He was a stage-manager, translated Voltaire's
Merope, wrote words for Handel's first composition in England, wrote
unsuccessful plays, a quantity of unreadable poetry, and corresponded
with most of the literary celebrities. Pope put his initials, A. H.,
under the head of "Flying Fishes," in the Bathos, as authors who now and
then rise upon their fins and fly, but soon drop again to the profound.
In the Dunciad, he reappeared amongst the divers.
Then * * tried, but hardly snatch'd from sight
Instant buoys up and rises into light:
He bears no token of the sable streams,
And mounts far off amongst the swans of Thames.
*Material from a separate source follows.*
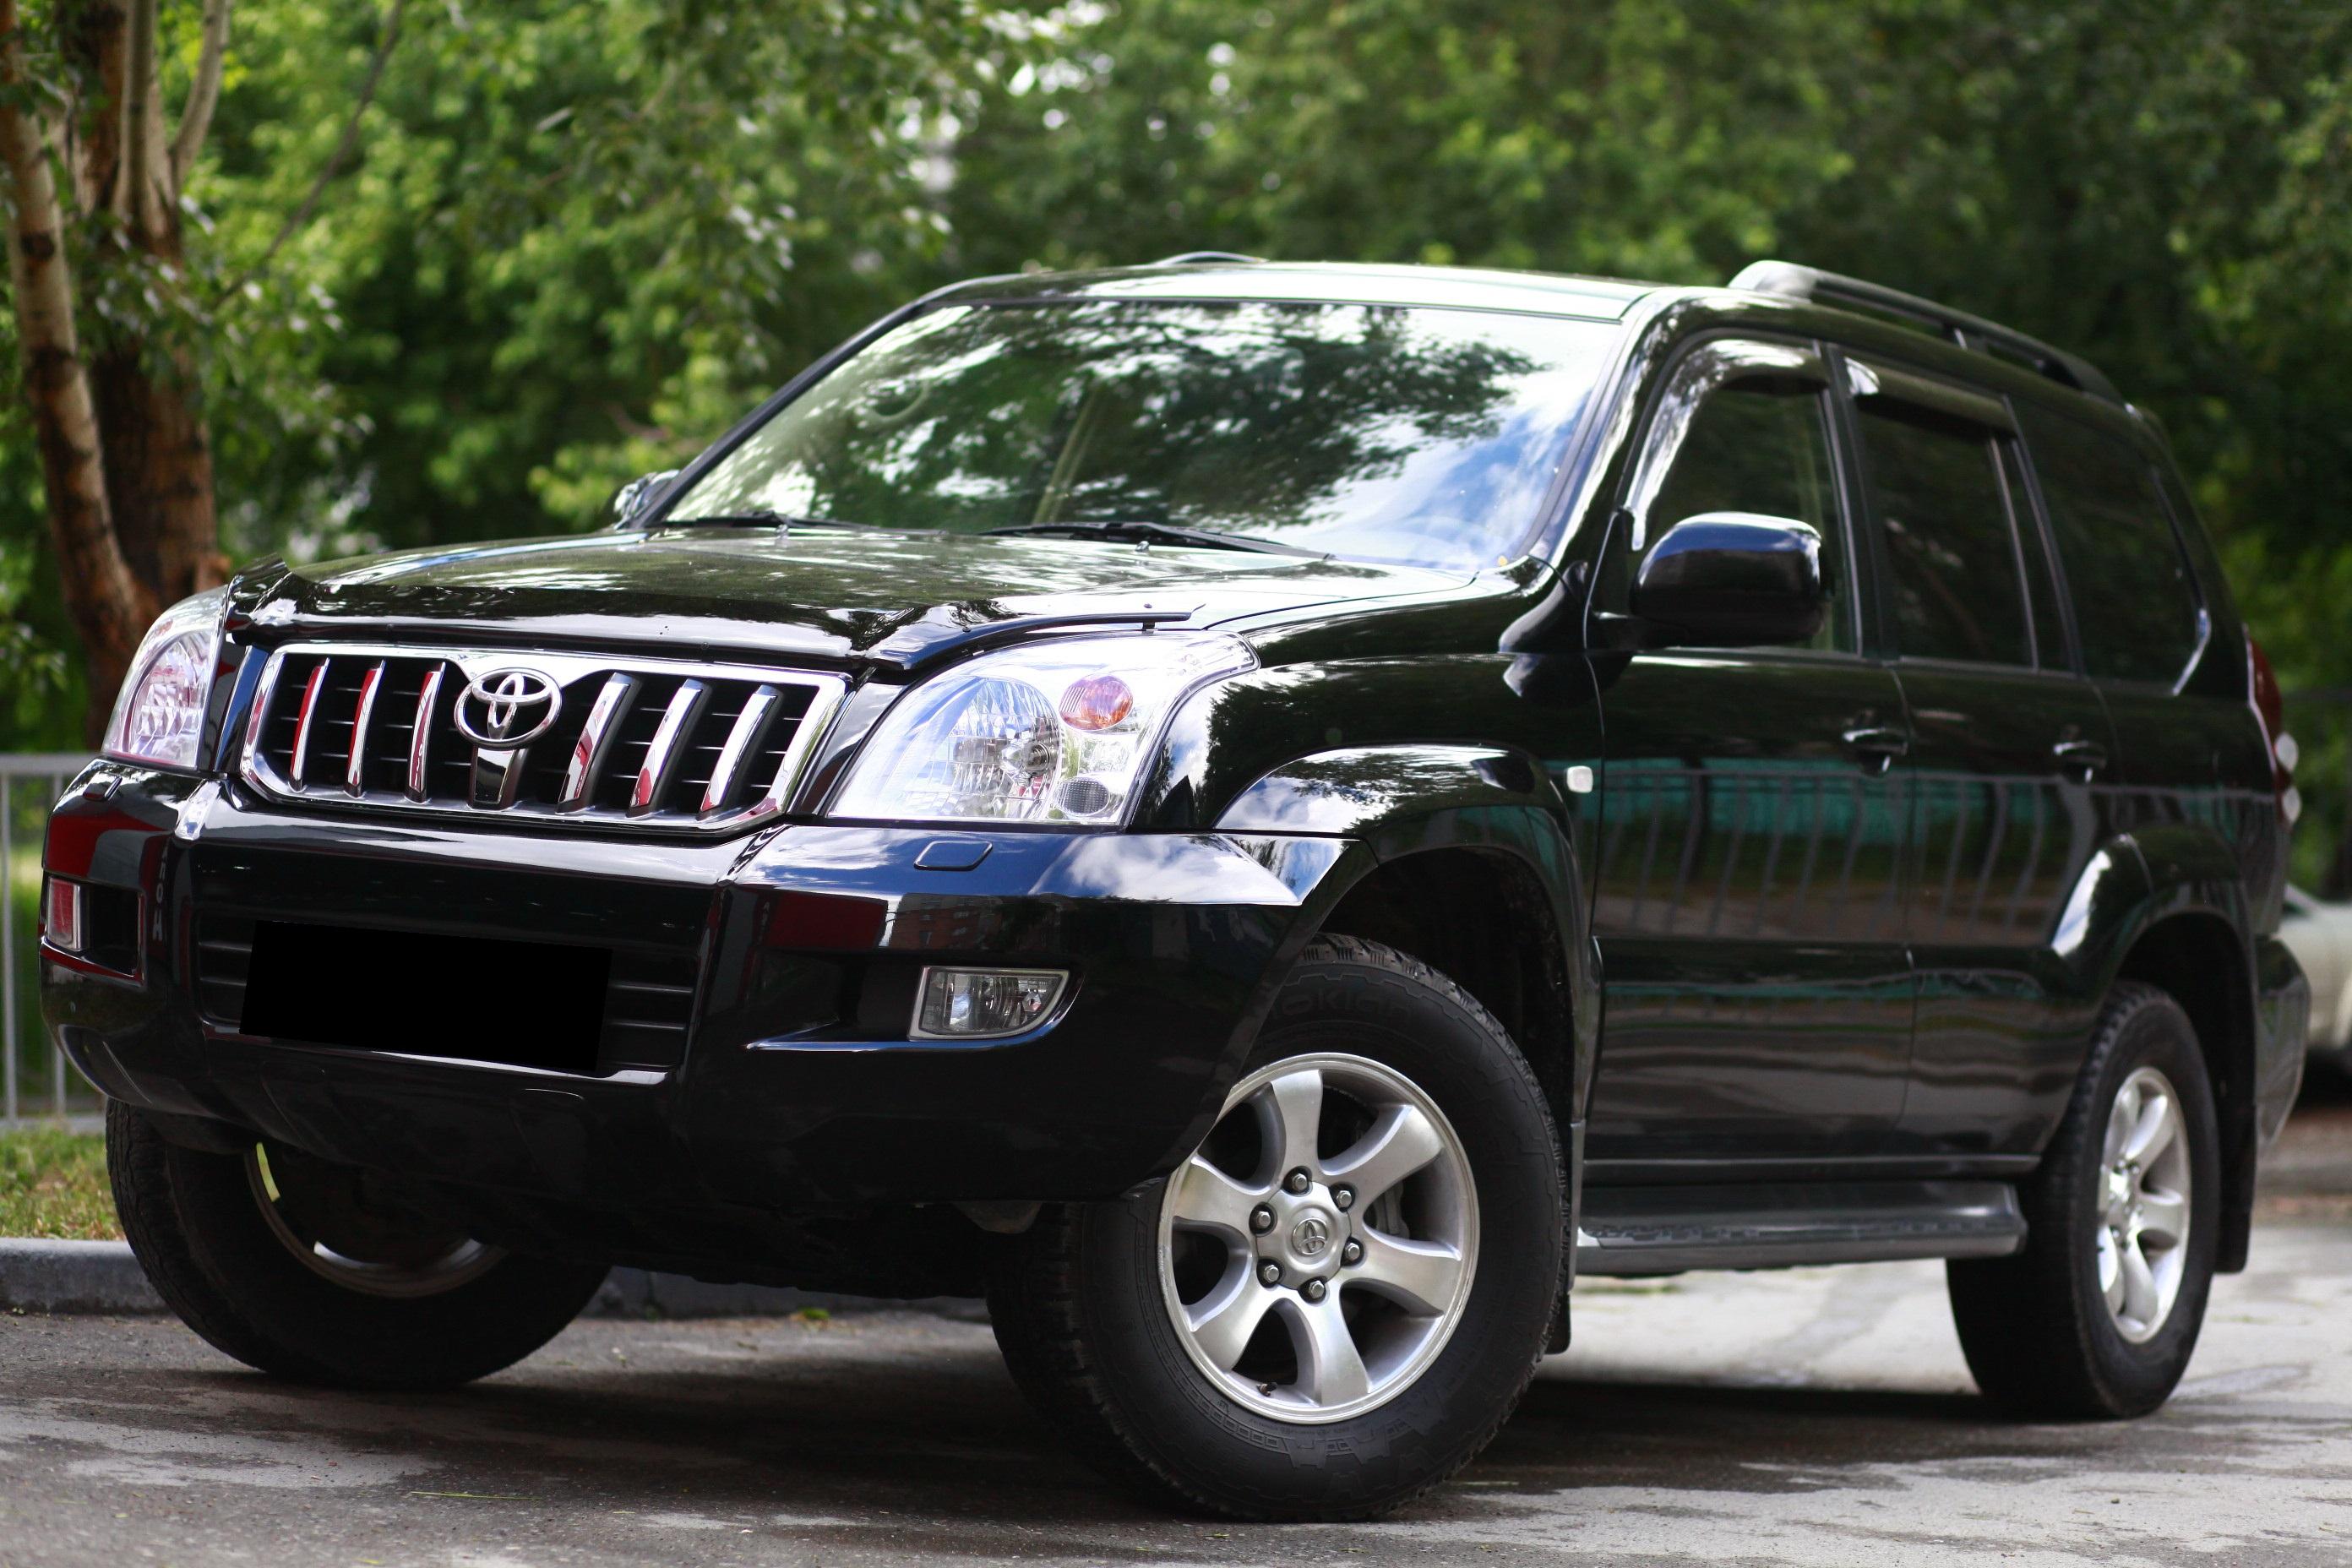 Toyota Land Cruiser Prado 1 630 000 руб

A note applied the lines to Hill, with whom he had had a former
misunderstanding. Hill replied to these assaults by a ponderous satire
in verse upon "tuneful Alexis;" it had, however, some tolerable lines at
the opening, imitated from Pope's own verses upon Addison, and
attributing to him the same jealousy of merit in others. Hill soon
afterwards wrote a civil note to Pope, complaining of the passage in the
Dunciad. Pope might have relied upon the really satisfactory answer that
the lines were, on the whole, complimentary; indeed, more complimentary
than true. But with his natural propensity for lying, he resorted to his
old devices. In answer to this and a subsequent letter, in which Hill
retorted with unanswerable force, Pope went on to declare that he was
not the author of the notes, that the extracts had been chosen at
random, that he would "use his influence with the editors of the Dunciad
to get the note altered"; and, finally, by an ingenious evasion, pointed
out that the blank in the Dunciad required to be filled up by a
dissyllable.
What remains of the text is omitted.